===== SUPPLIED DATA

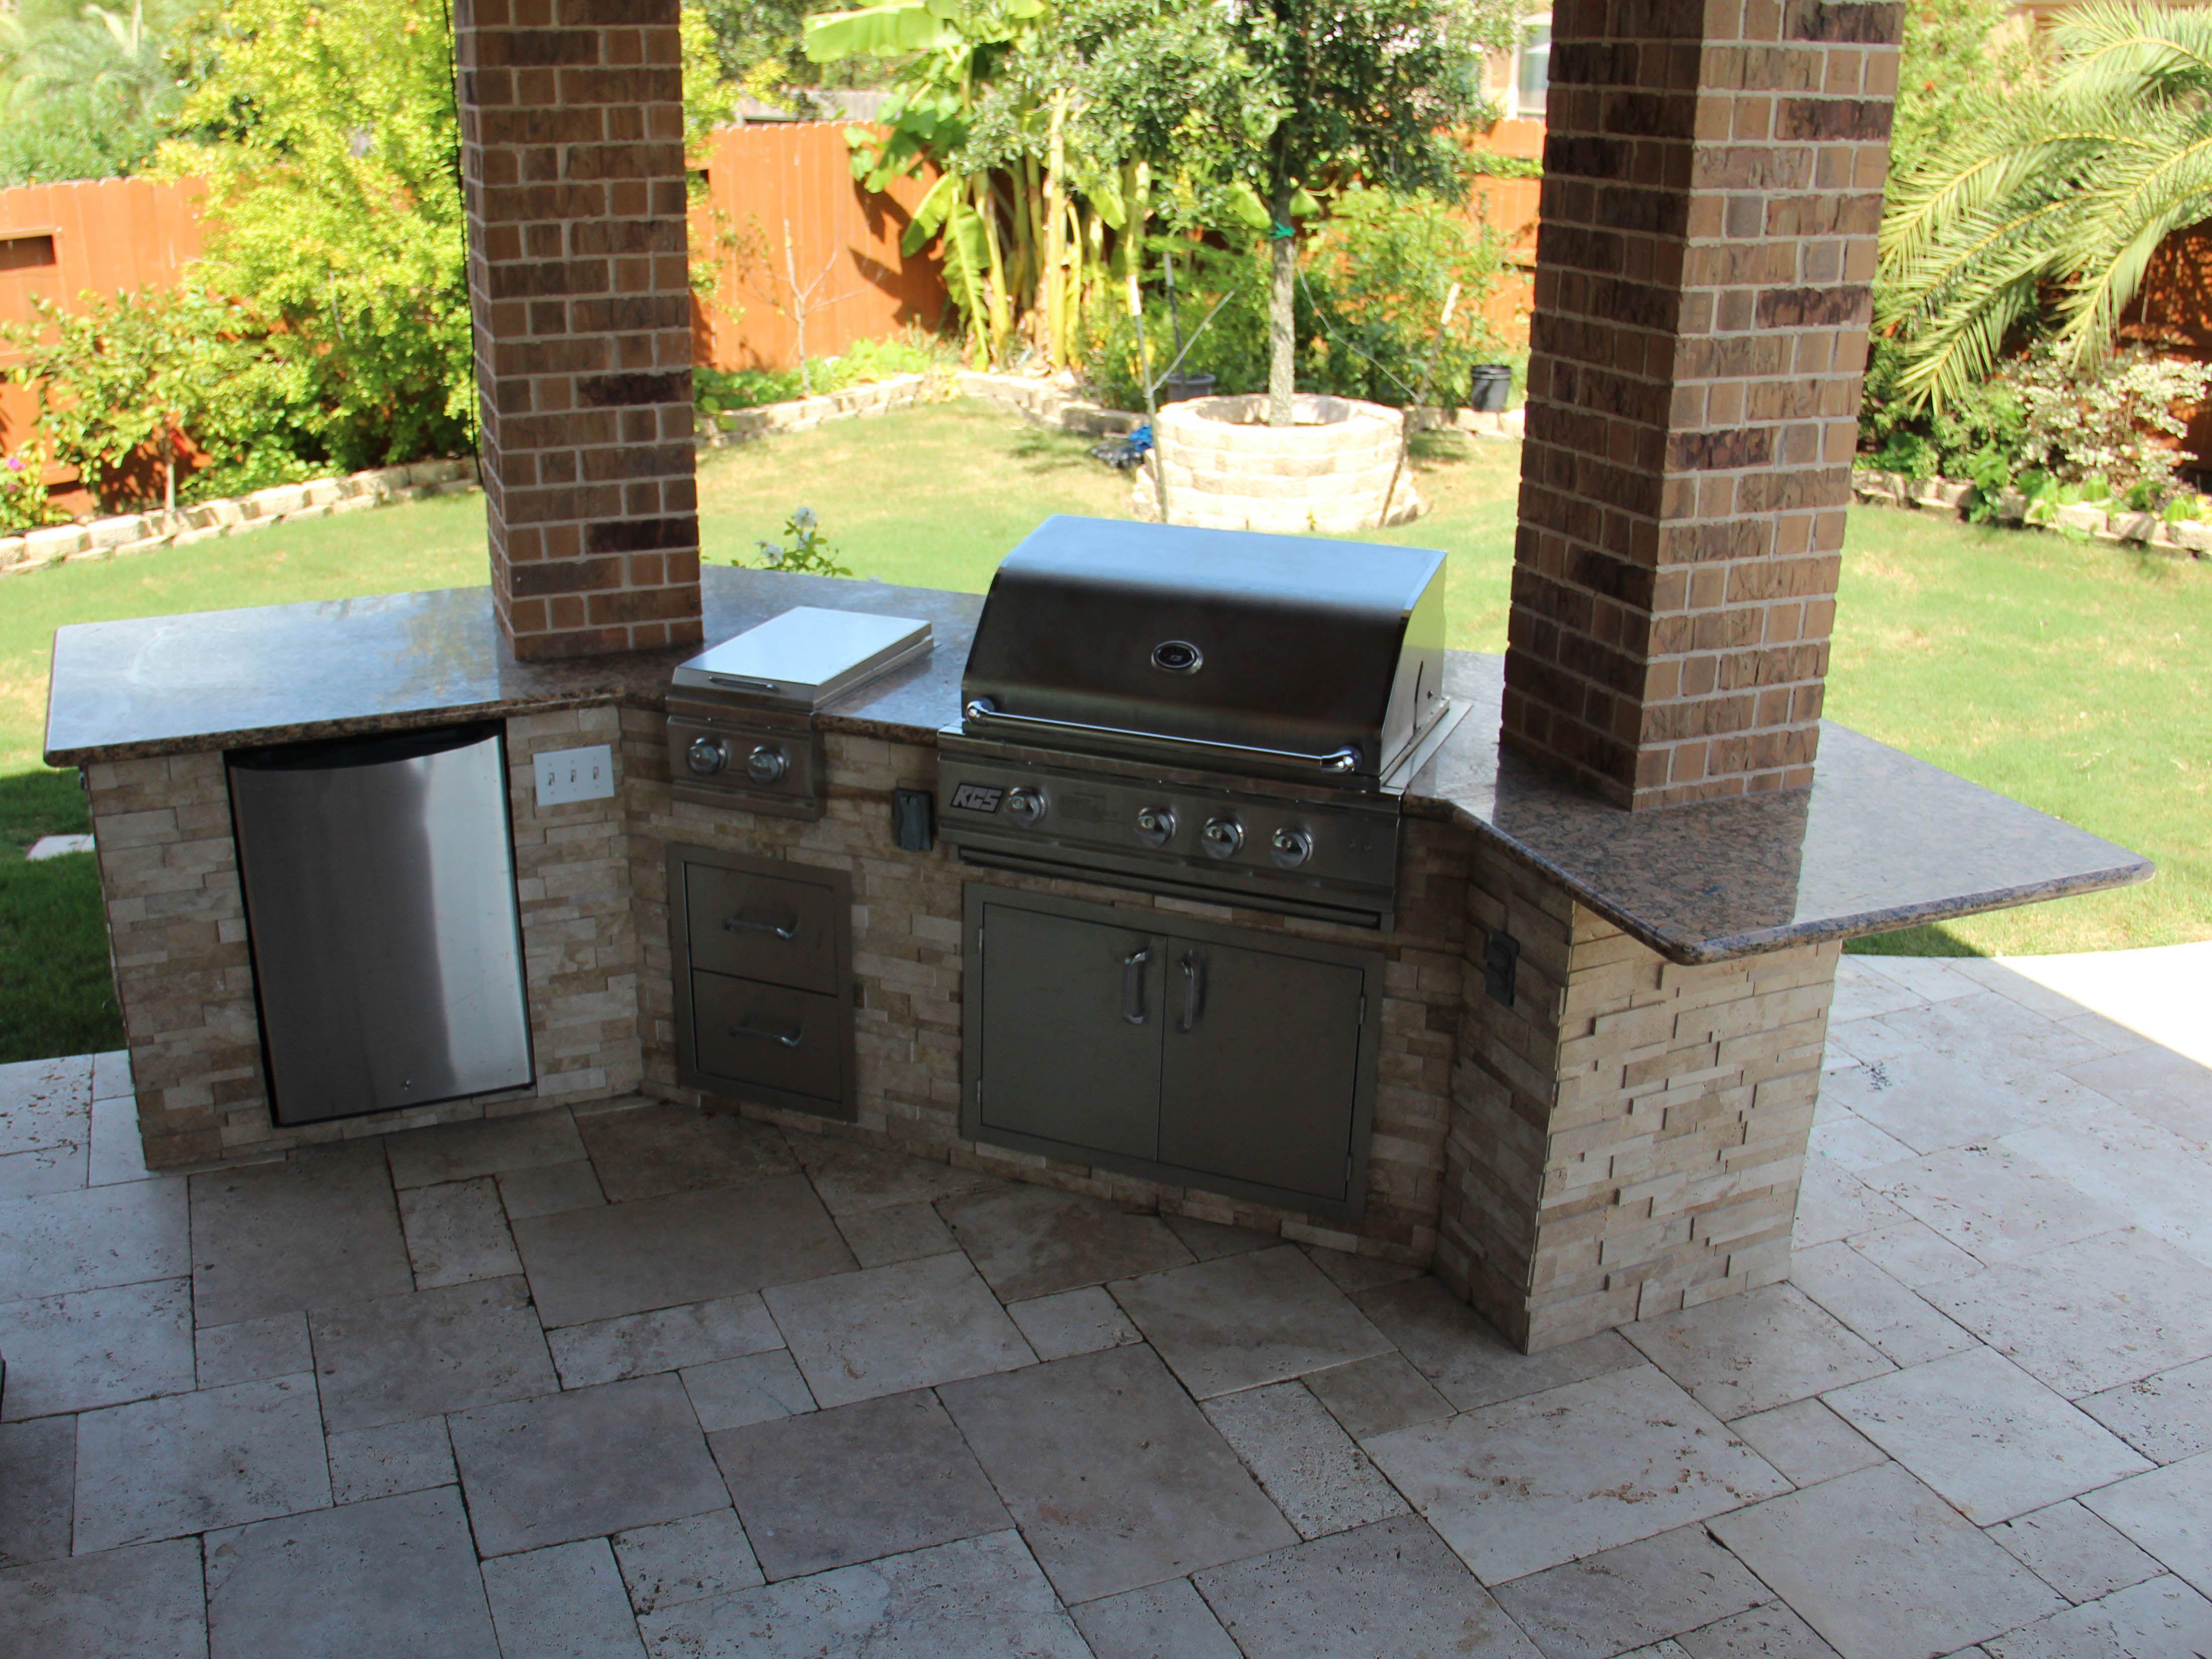 Www Customoutdoors Com Outdoor Kitchen With Refrigerator Side Burner Grill Outdoor Kitchen Outdoor Decor Outdoor
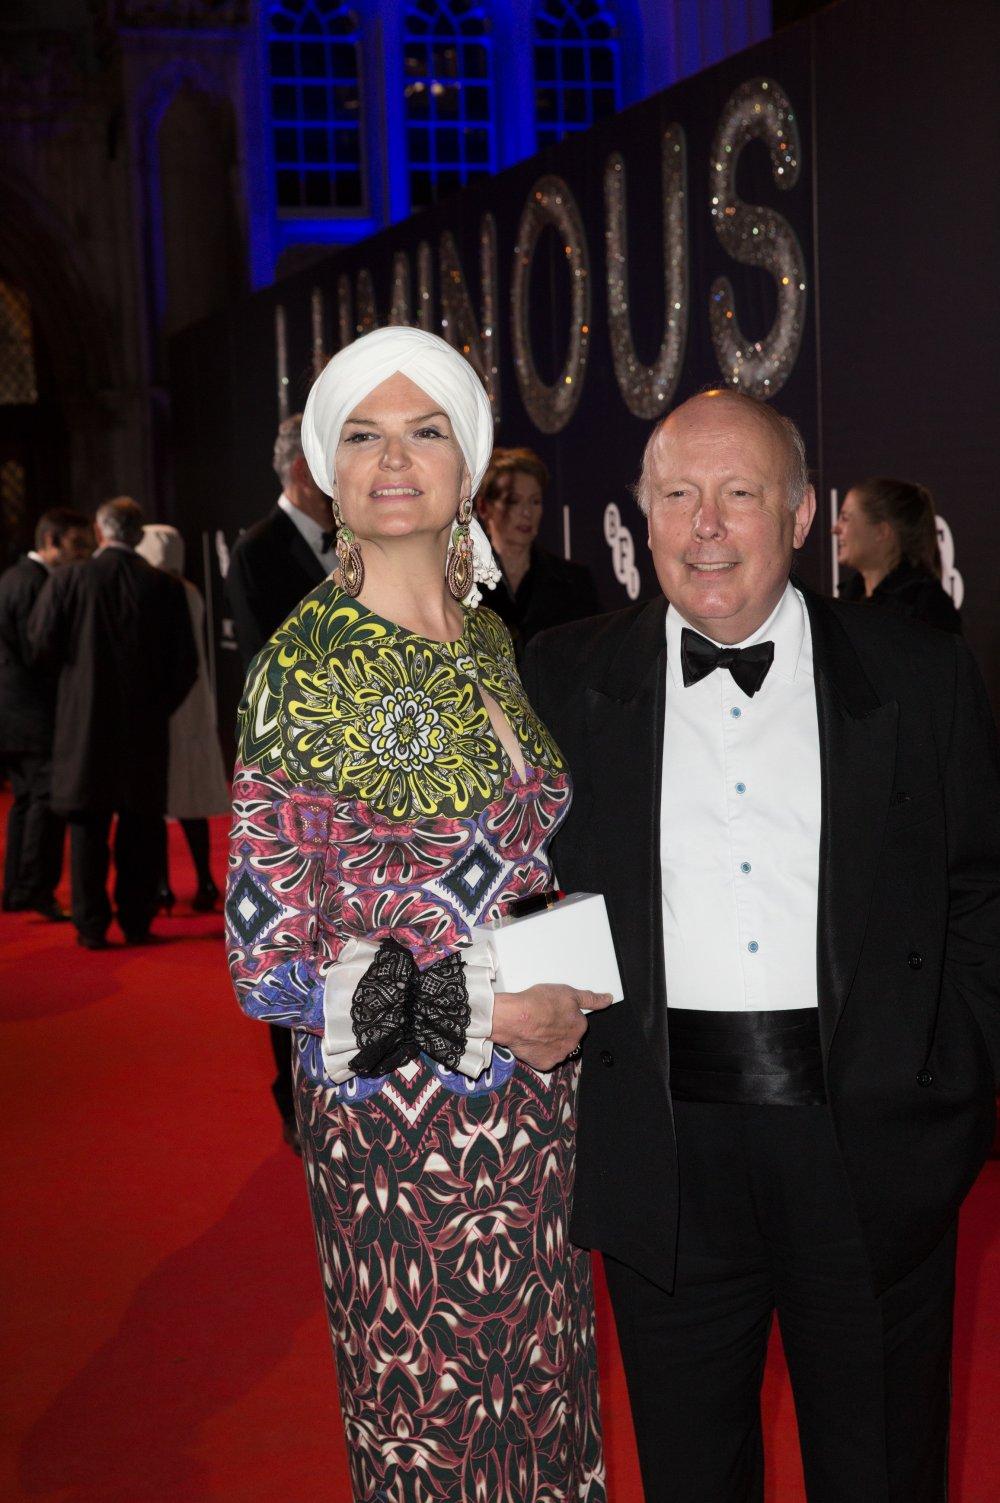 Julian Fellowes attends the BFI LUMINOUS gala 2015
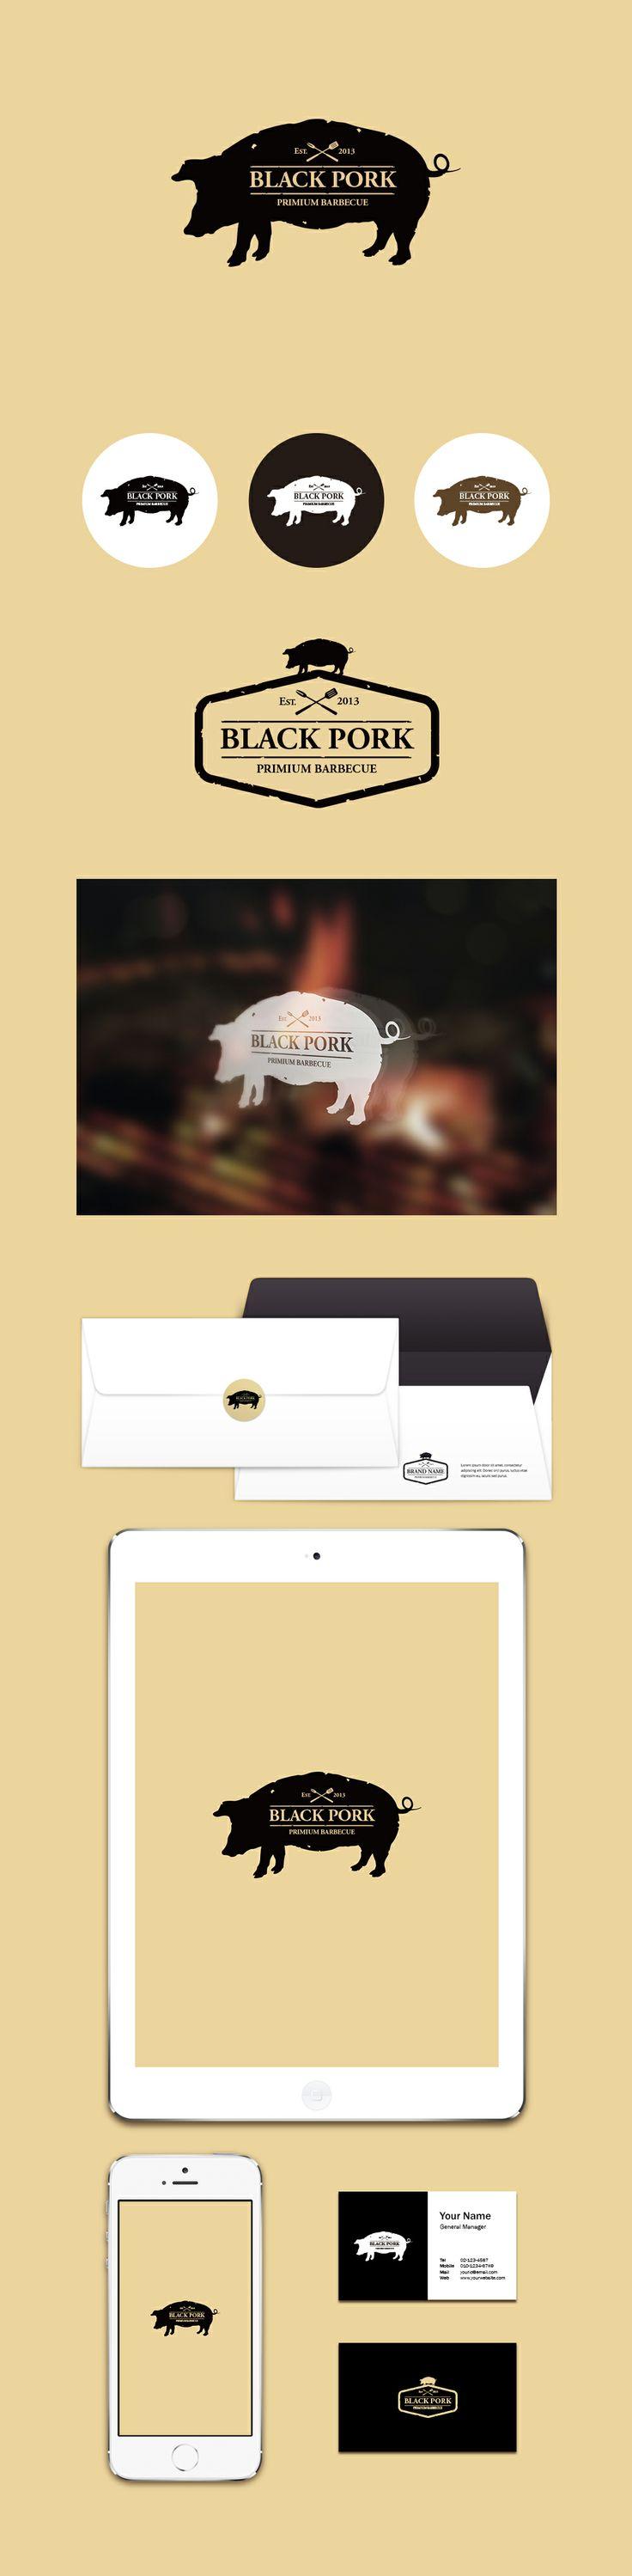 Black Pork [Logo Design By Conoi]

==========

● EXERCISE OBJECTIVE
Your task is to retype the listing exactly, without its pictures.

● PROBLEM SOLUTION
 Www Customoutdoors Com Outdoor Kitchen With Refrigerator Side Burner Grill Outdoor Kitchen Outdoor Decor Outdoor
 Julian Fellowes attends the BFI LUMINOUS gala 2015
 Black Pork [Logo Design By Conoi]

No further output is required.